_WHAT THE TASK REQUIRES:_ The listing that follows should be copied in full and exactly, with no pictures.

_DATA SECTION:_
-.-.-

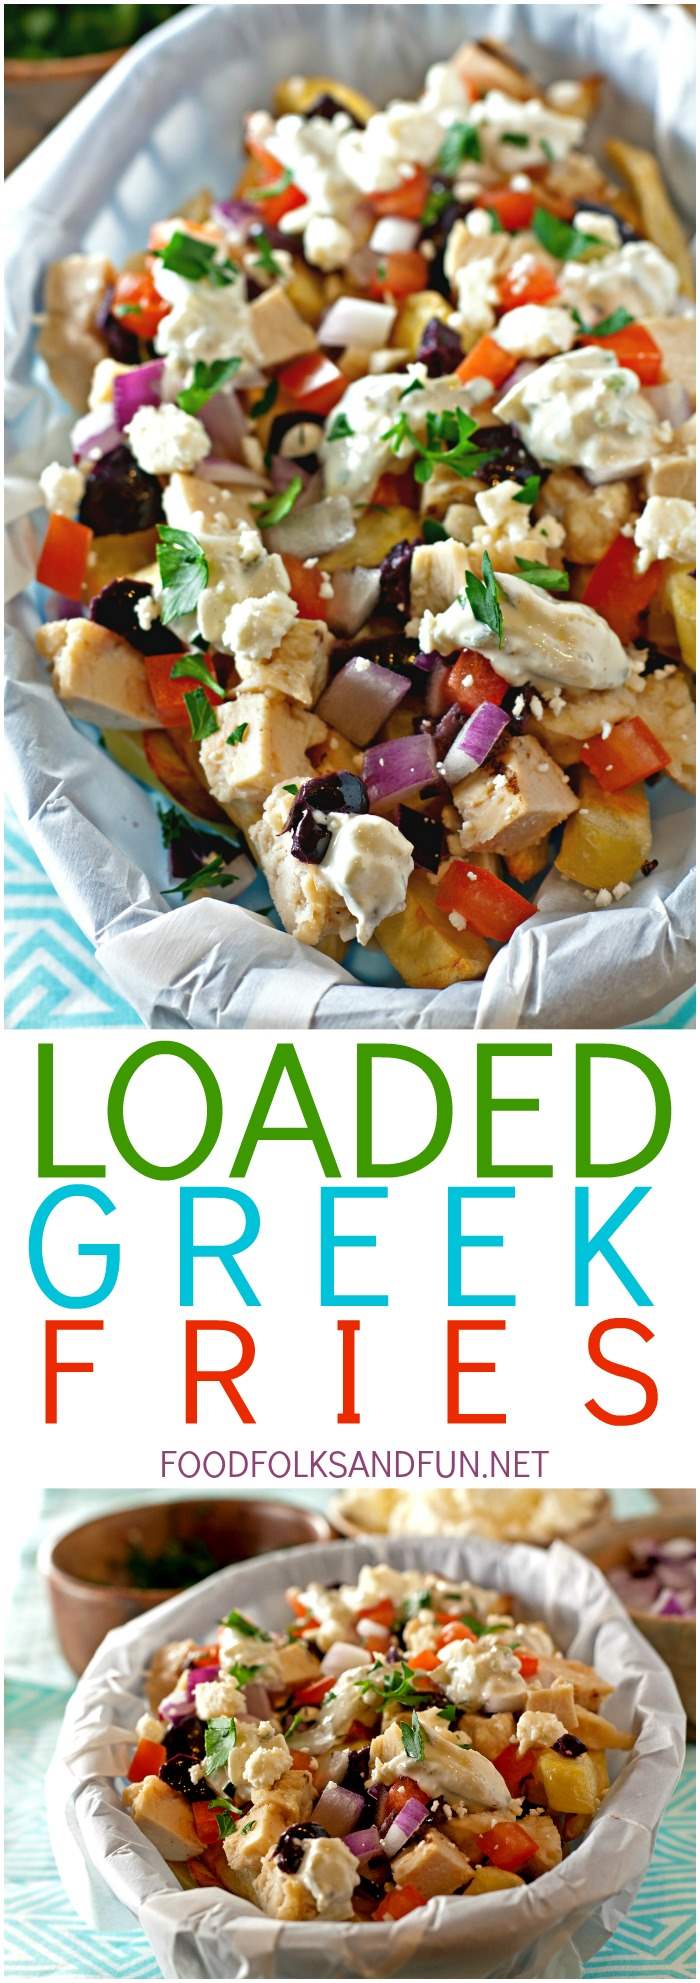 This loaded Greek fries recipe is perfect for weeknight meals or game day eats! These fries are big on flavor!
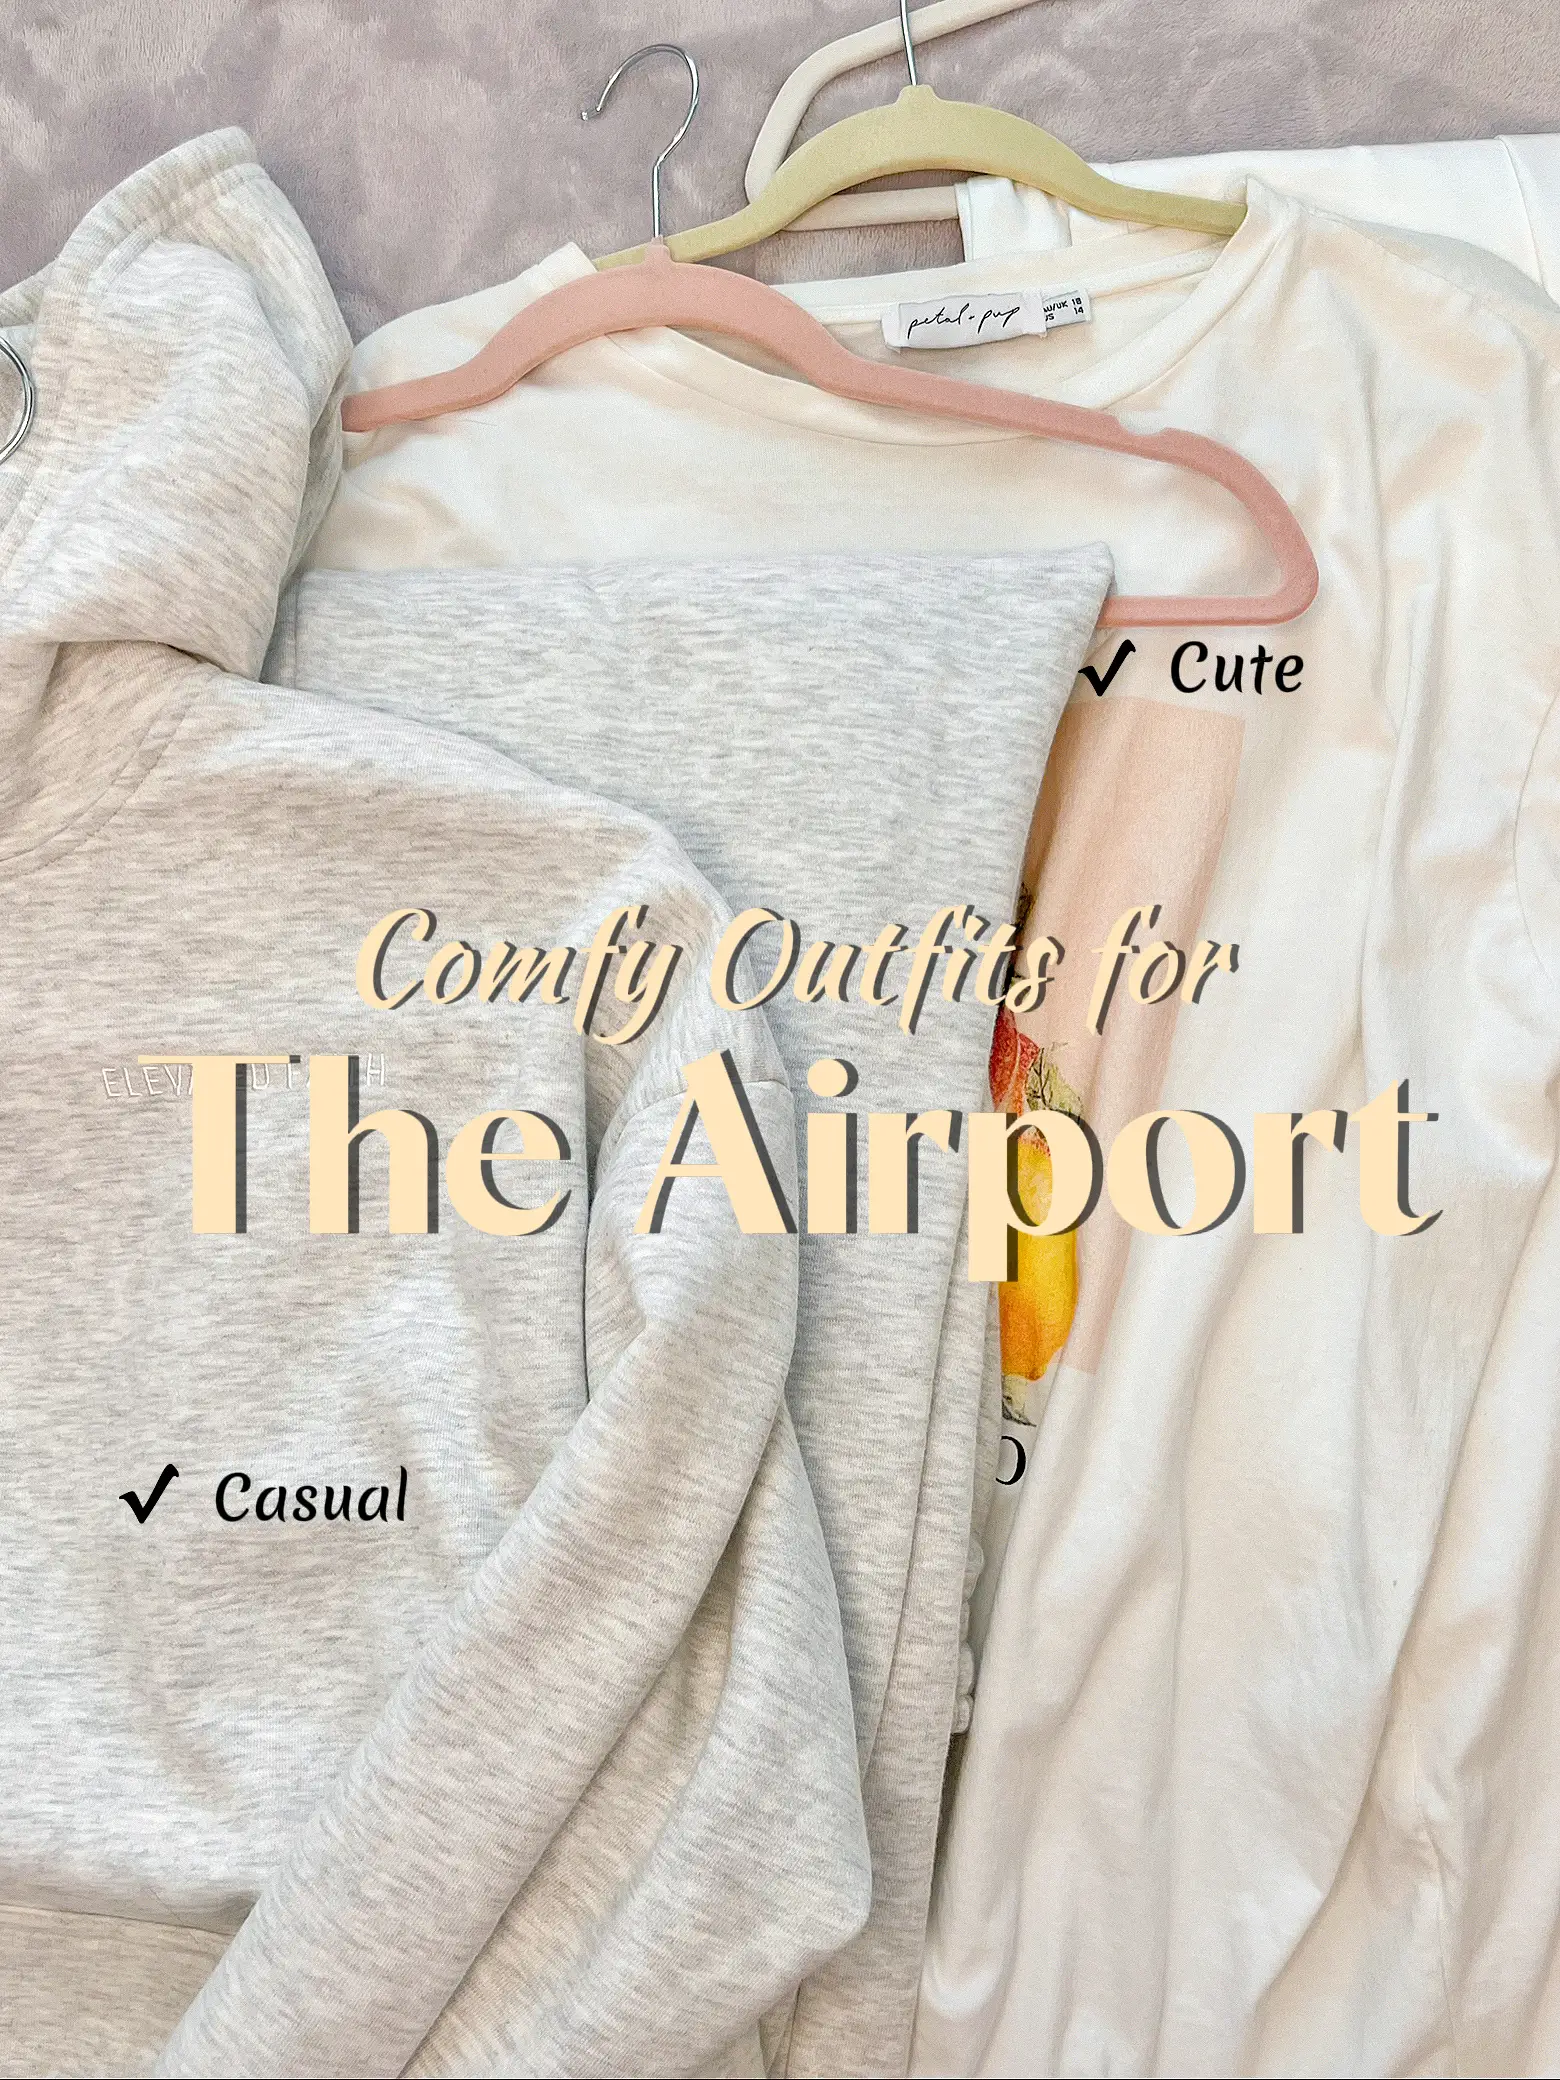 25 Trendy Airport Outfits to Make Traveling More Enjoyable - The Cuddl
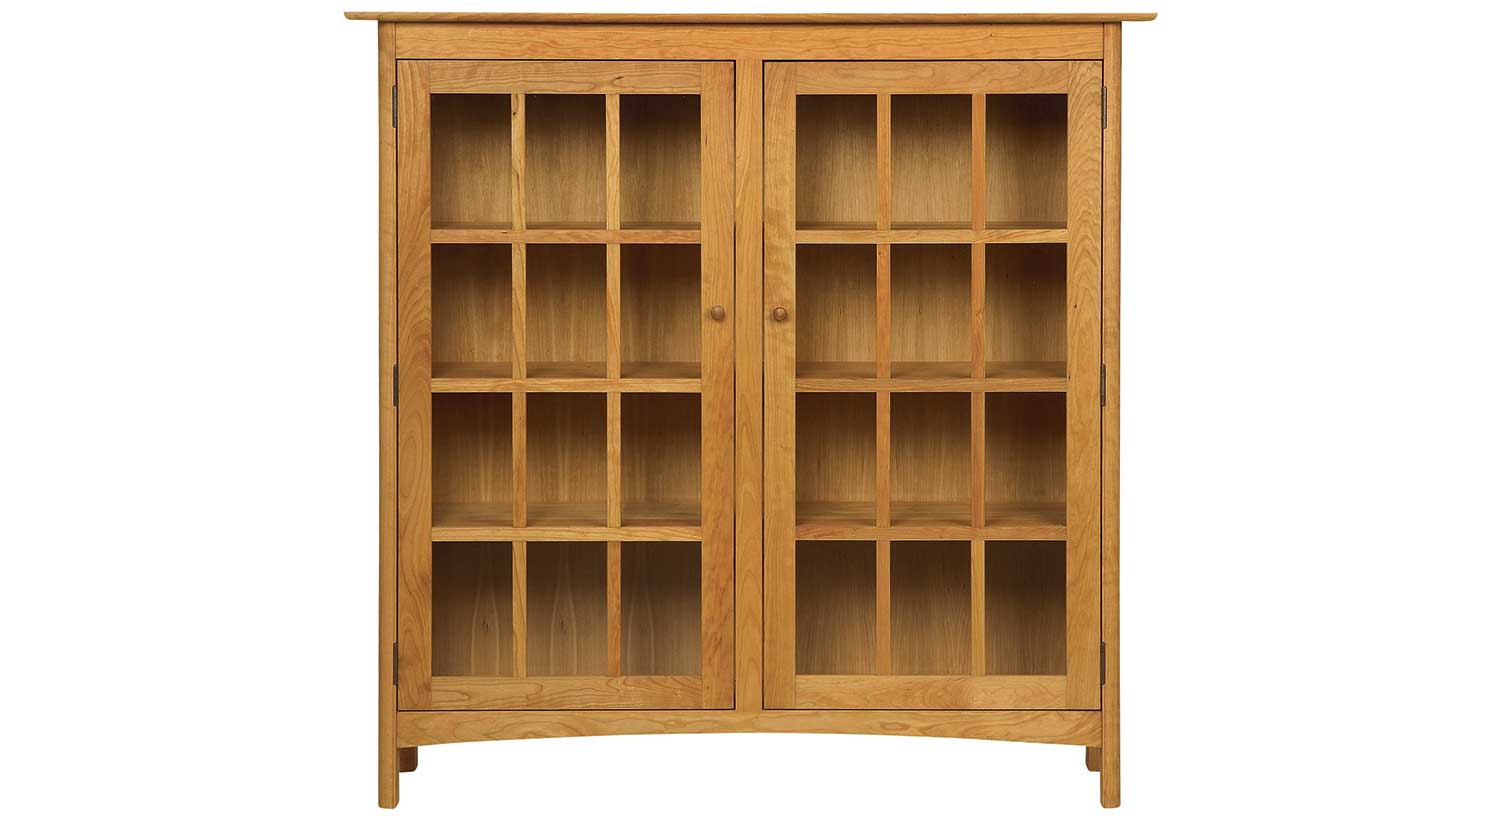 Circle Furniture Solid Wood Bookcase, Solid Oak Bookcase With Glass Doors
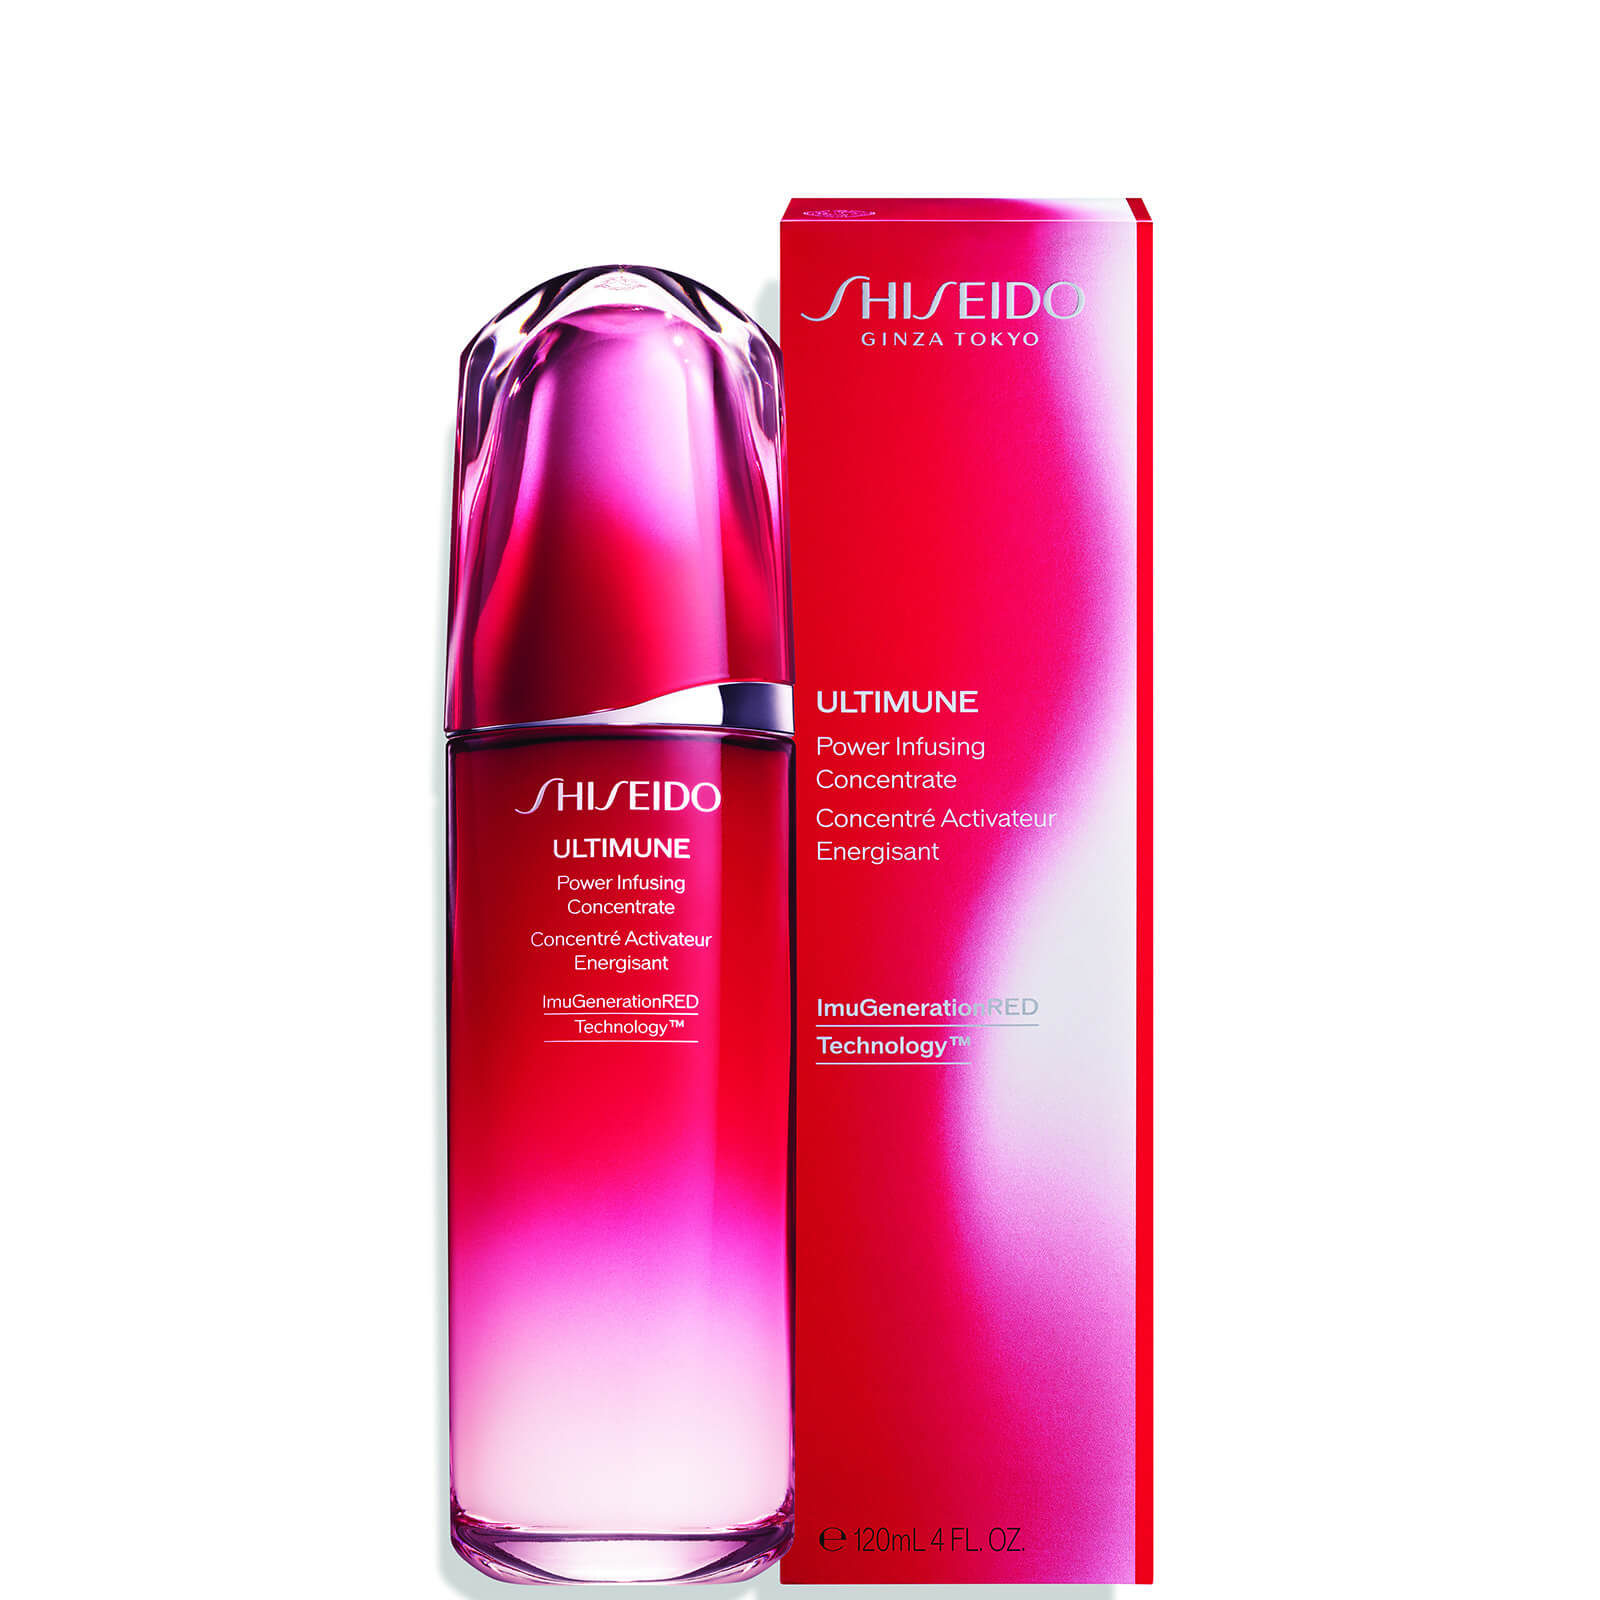 Photos - Cream / Lotion Shiseido Ultimune Power Infusing Concentrate Limited Edition (Various Size

-.-.-

_OUTPUT OF THE TASK:_
 This loaded Greek fries recipe is perfect for weeknight meals or game day eats! These fries are big on flavor!
 25 Trendy Airport Outfits to Make Traveling More Enjoyable - The Cuddl
 Circle Furniture Solid Wood Bookcase, Solid Oak Bookcase With Glass Doors
 Photos - Cream / Lotion Shiseido Ultimune Power Infusing Concentrate Limited Edition (Various Size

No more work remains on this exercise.